[Collected data entries]

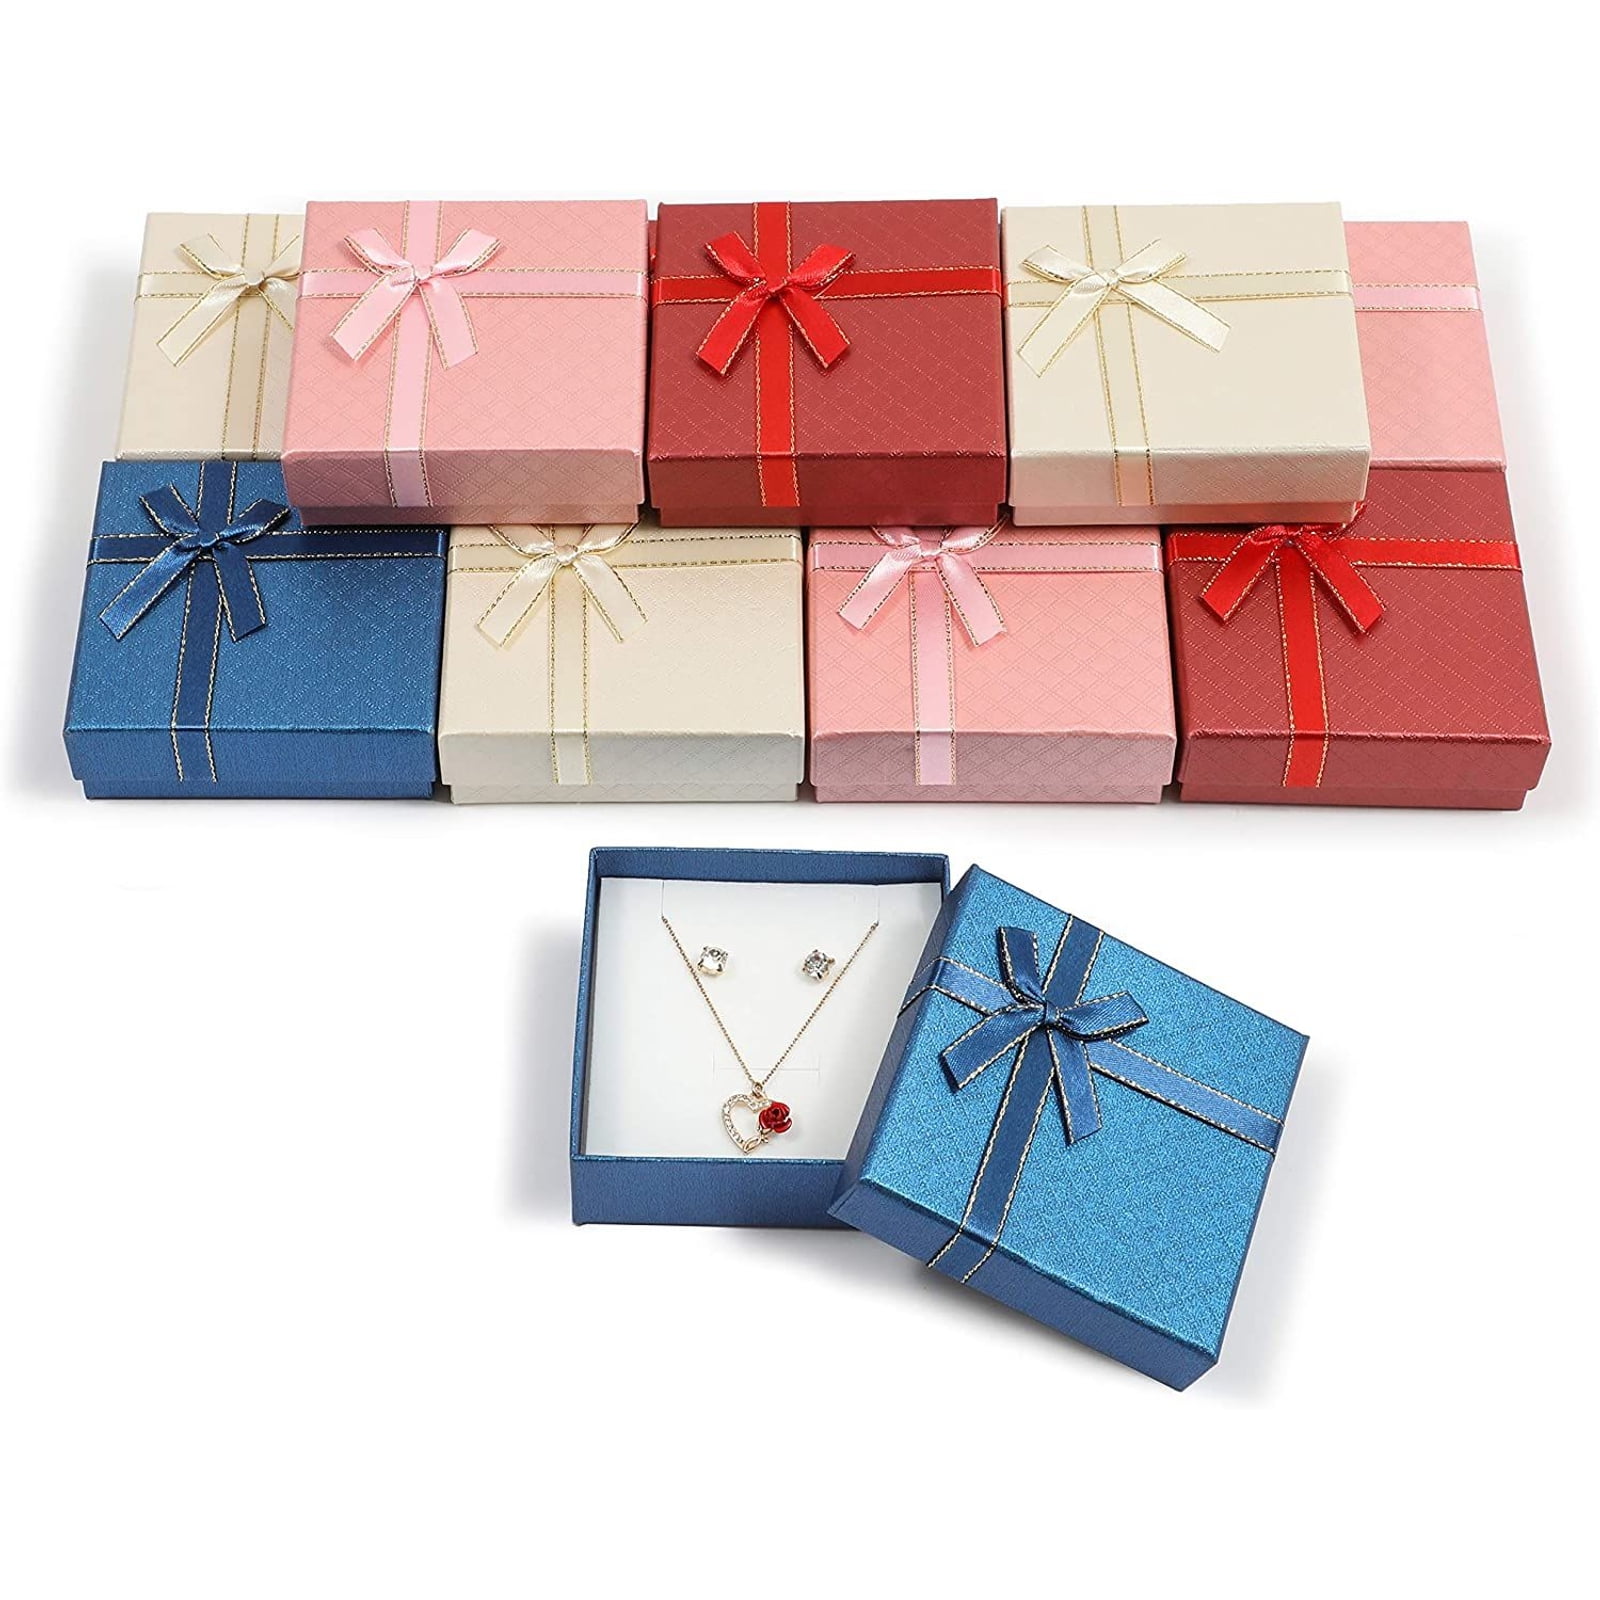 Wholesale 10 Boxes 9*9*2cm Red Square Jewelry Box For Bracelet Gfit Box Displays 
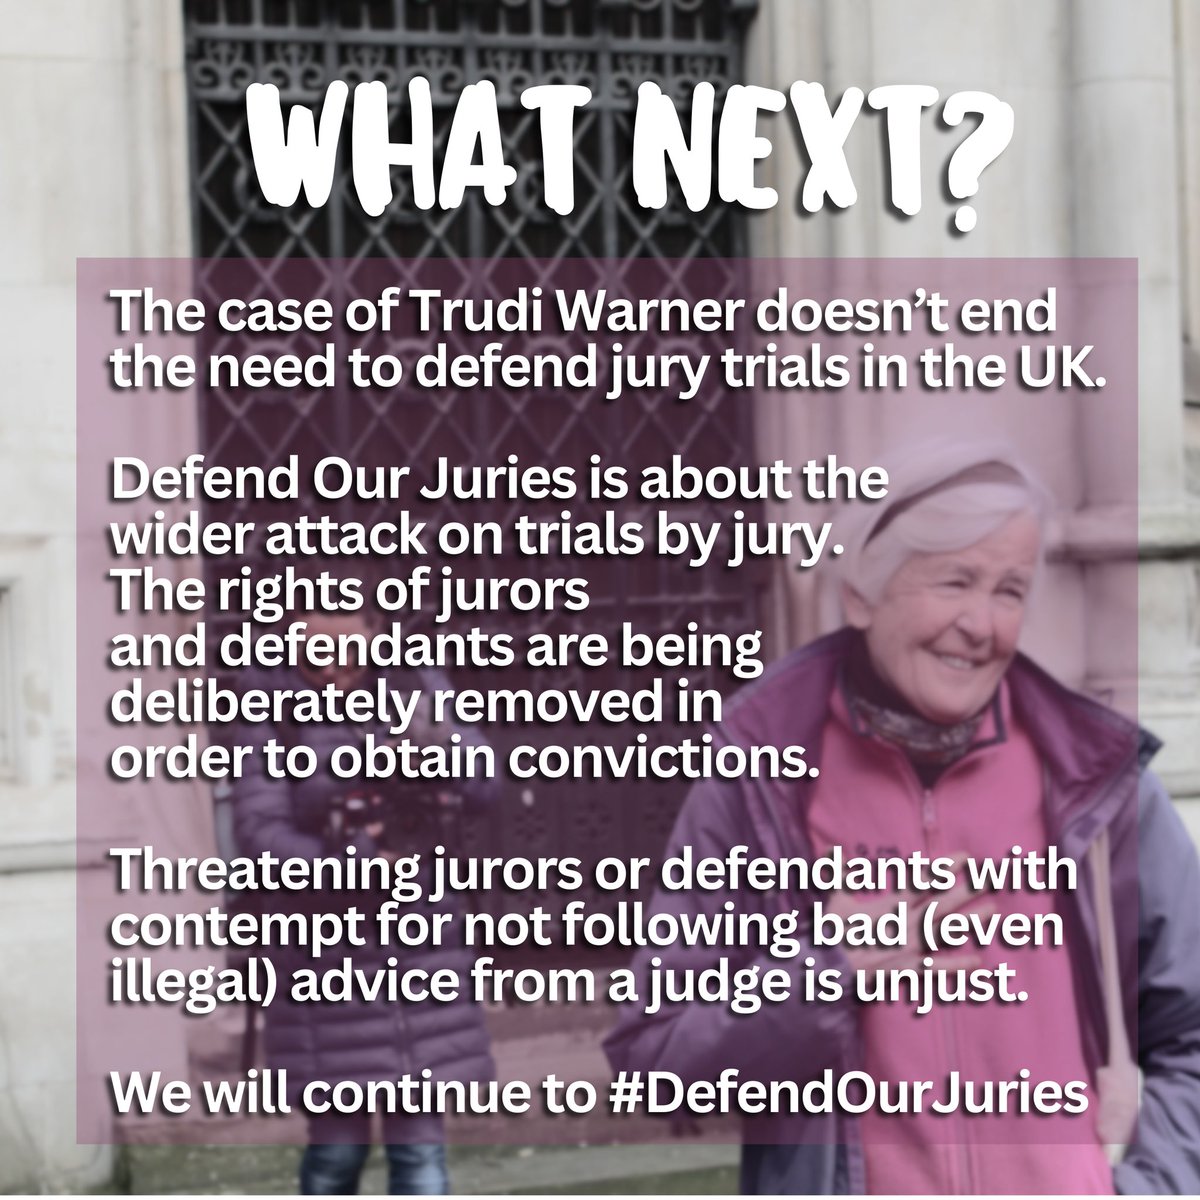 The case of Trudi Warner doesn’t end the need to defend jury trials.

The rights of jurors and defendants are being removed in order to obtain convictions.

Threatening jurors or defendants with contempt for not following bad (even illegal) directions from a judge is unjust.
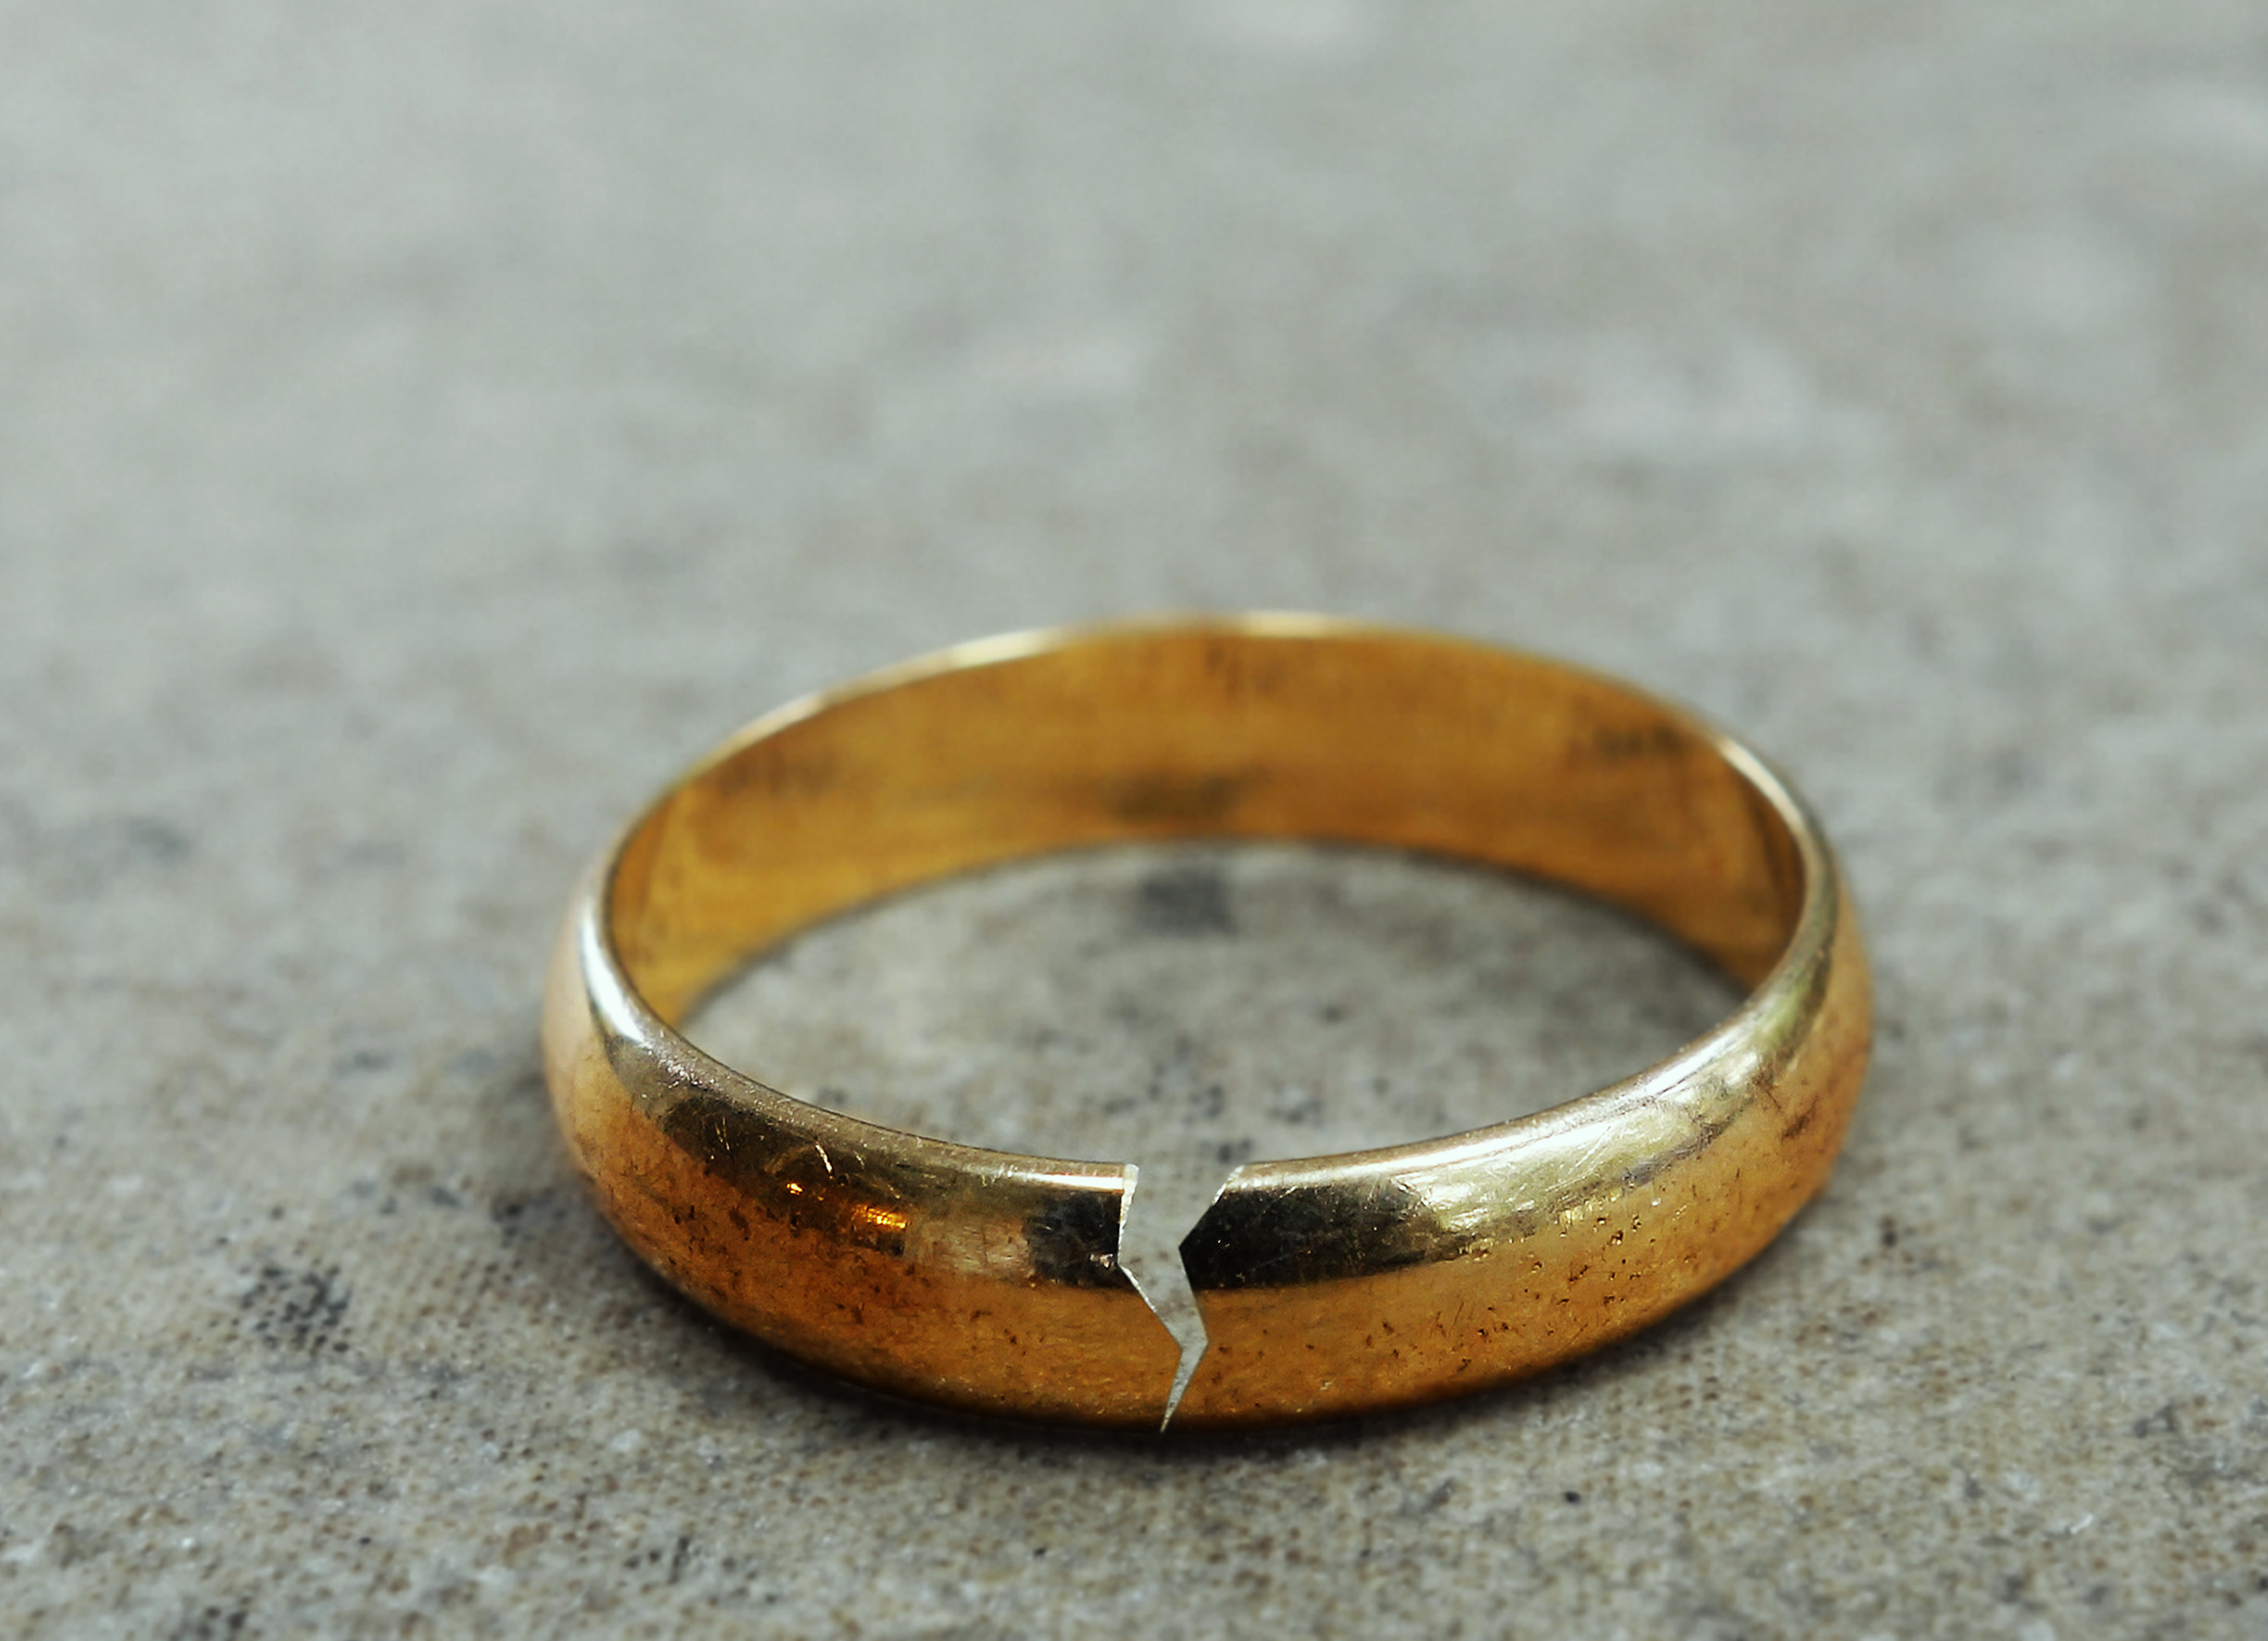 A cracked gold wedding ring | Source: Shutterstock
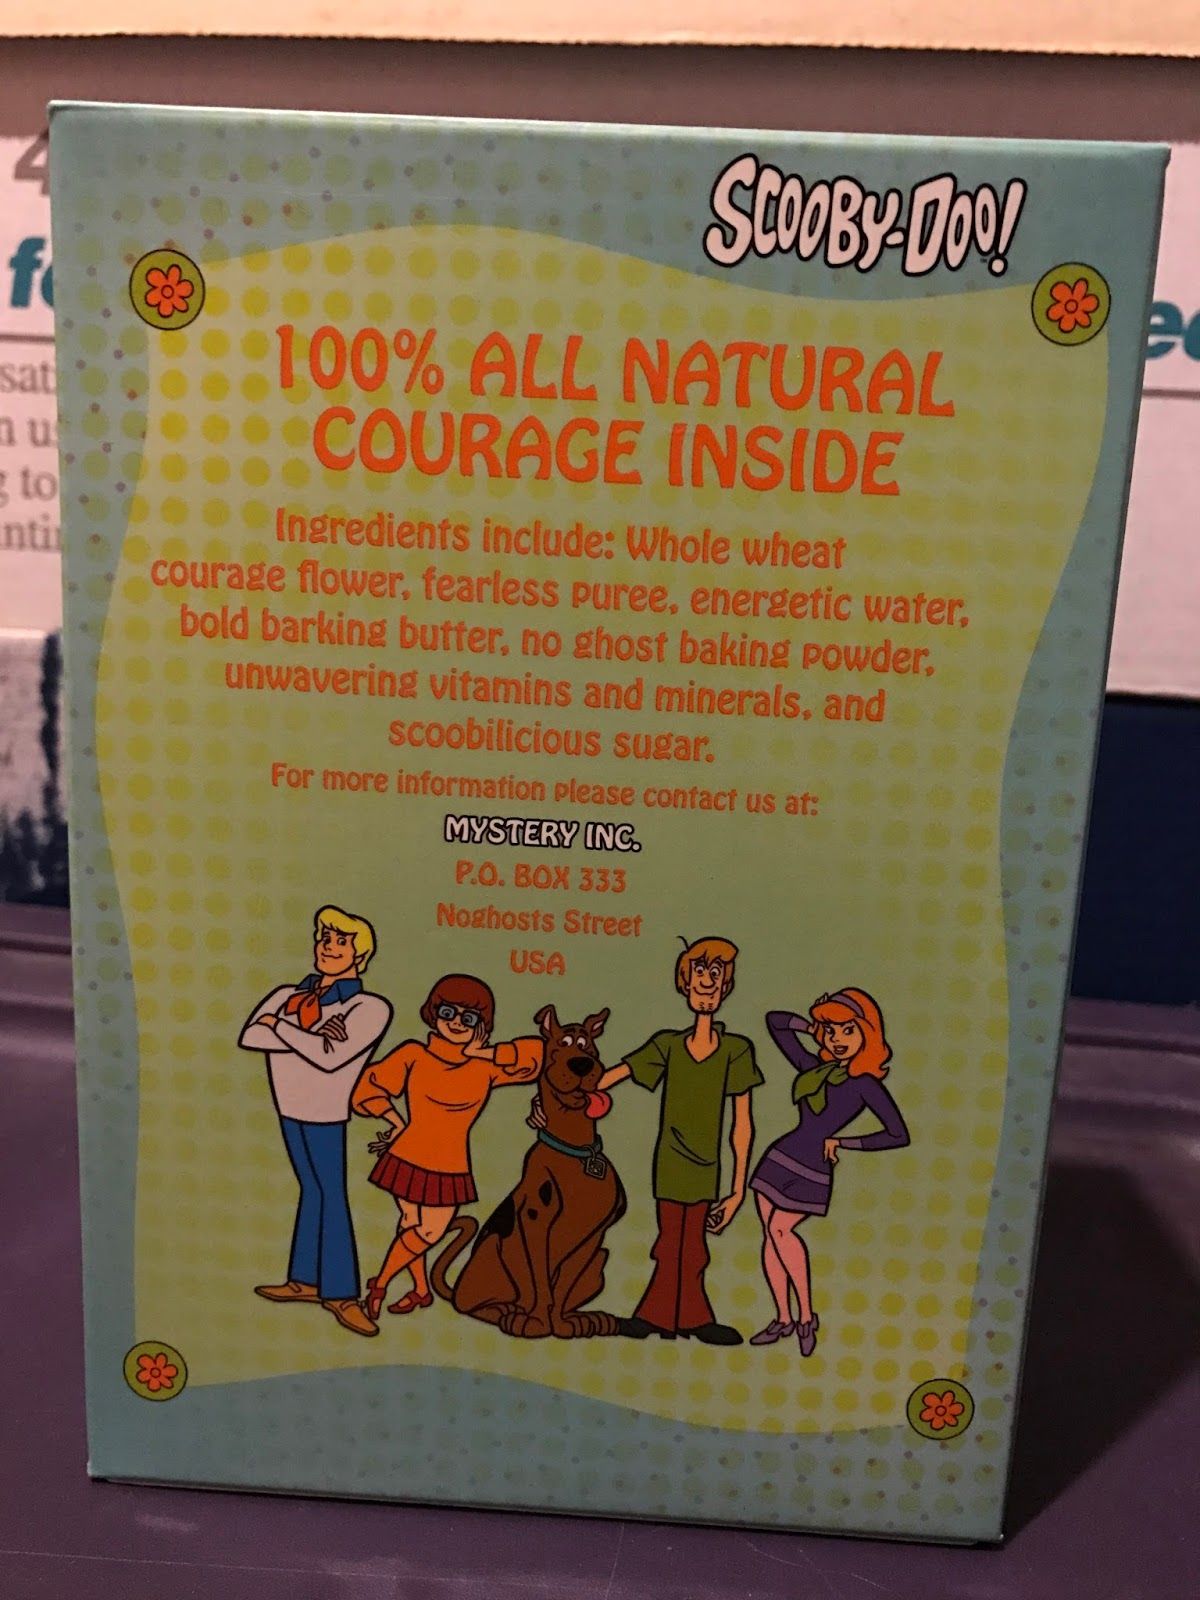 ScoobyAddict's Blog: My Scooby Stuff - Day 24 - Scooby Snacks...Or Is It?

Instructions for the task:
What is needed is a word-for-word repeat of every line from the line with "Threatening jurors or" to the end of the entries above; leave out the pictures.

Answer box:
Threatening jurors or defendants with contempt for not following bad (even illegal) directions from a judge is unjust.
 A cracked gold wedding ring | Source: Shutterstock
 ScoobyAddict's Blog: My Scooby Stuff - Day 24 - Scooby Snacks...Or Is It?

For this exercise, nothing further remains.